# 1st attempt



## glo (Feb 8, 2011)

It is a funny engine to detail to be honest. Not much to it other than plastic casing. I love the look of old engines...

Just some APC used to cut through the grime and protected with 303

Sorry there are no before shots. I wasnt that sure it was going to work tbh, just an experiment at first.








[/URL] photo (3) by blue_runner, on Flickr[/IMG]

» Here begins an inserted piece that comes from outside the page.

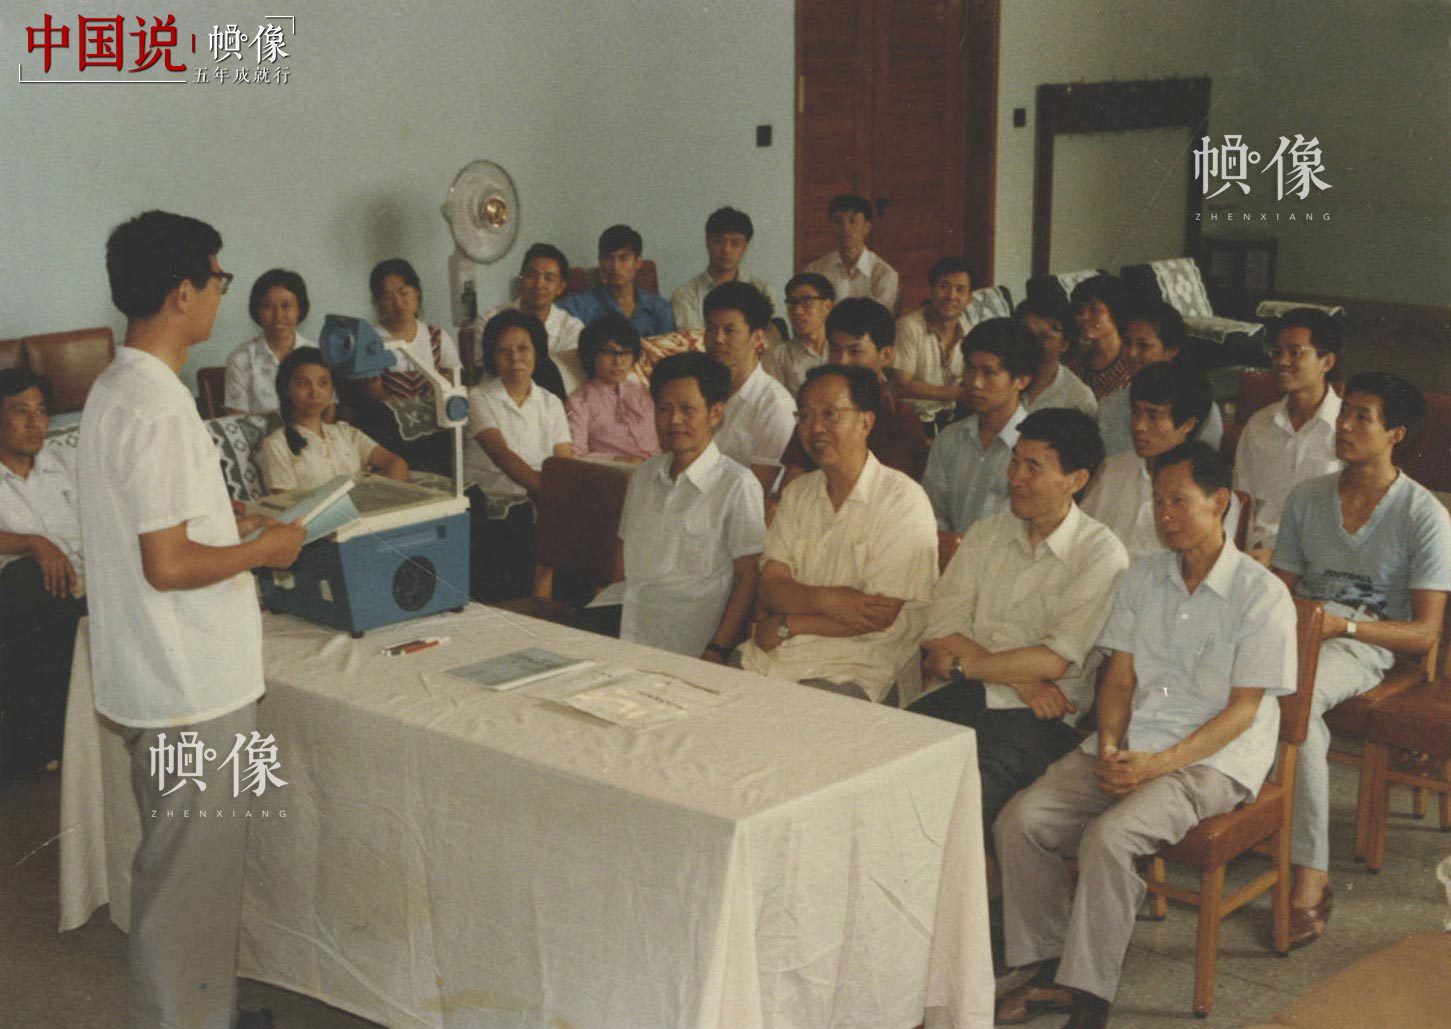 清华大学自动化系信息教研组研究生答辩会。

photo (2) by blue_runner, on Flickr


----------



## Yowfailed (Mar 14, 2012)

Is it me guys? I can't see the 'after' shots


----------



## glo (Feb 8, 2011)

yeah sorry about that. pasted the link but it aint showing. ill be back


----------



## glo (Feb 8, 2011)

ok its not working. uploaded to Flickr then grabbed the link and pasted inside the


----------



## Vmlopes (Jan 8, 2012)

Use the share button in flickr and just paste the BBcode here


----------



## glo (Feb 8, 2011)

got there in teh end. thanks vmlopes


----------



## Yowfailed (Mar 14, 2012)

Ah, now I see  A nice clean engine bay, very nice 

A real daft question now, what 303?


----------



## glo (Feb 8, 2011)

Yowfailed said:


> Ah, now I see  A nice clean engine bay, very nice
> 
> A real daft question now, what 303?


its a protectant for vinyls and rubbers which i use on the engine hoses and casings. its full name is Aerospace 303


----------



## The Cueball (Feb 8, 2007)

Looks good... did you leave the 303 on there for a few hours?!?! 

:thumb:


----------



## Will_G (Jan 23, 2012)

Looks good but as Cuey said did you apply a fair bit and come back a few (4-6) hours later, I'd of just thought it would have darkened the covers a bit more

Yowfailed, this one http://www.polishedbliss.co.uk/acatalog/303-aerospace-protectant.html


----------



## glo (Feb 8, 2011)

Will_G said:


> Looks good but as Cuey said did you apply a fair bit and come back a few (4-6) hours later, I'd of just thought it would have darkened the covers a bit more
> 
> Yowfailed, this one http://www.polishedbliss.co.uk/acatalog/303-aerospace-protectant.html


unfortunately i didnt, 30 mins tops whilst I was doing other little jobs in the garage. weekend at end of this month is set aside for a full correction detail :buffer:


----------



## bazz (May 15, 2007)

looks good for a first go


----------



## great gonzo (Nov 4, 2010)

Looks very good for a first go!!


----------



## DMH-01 (Mar 29, 2011)

Looks tidy mate :thumb:


----------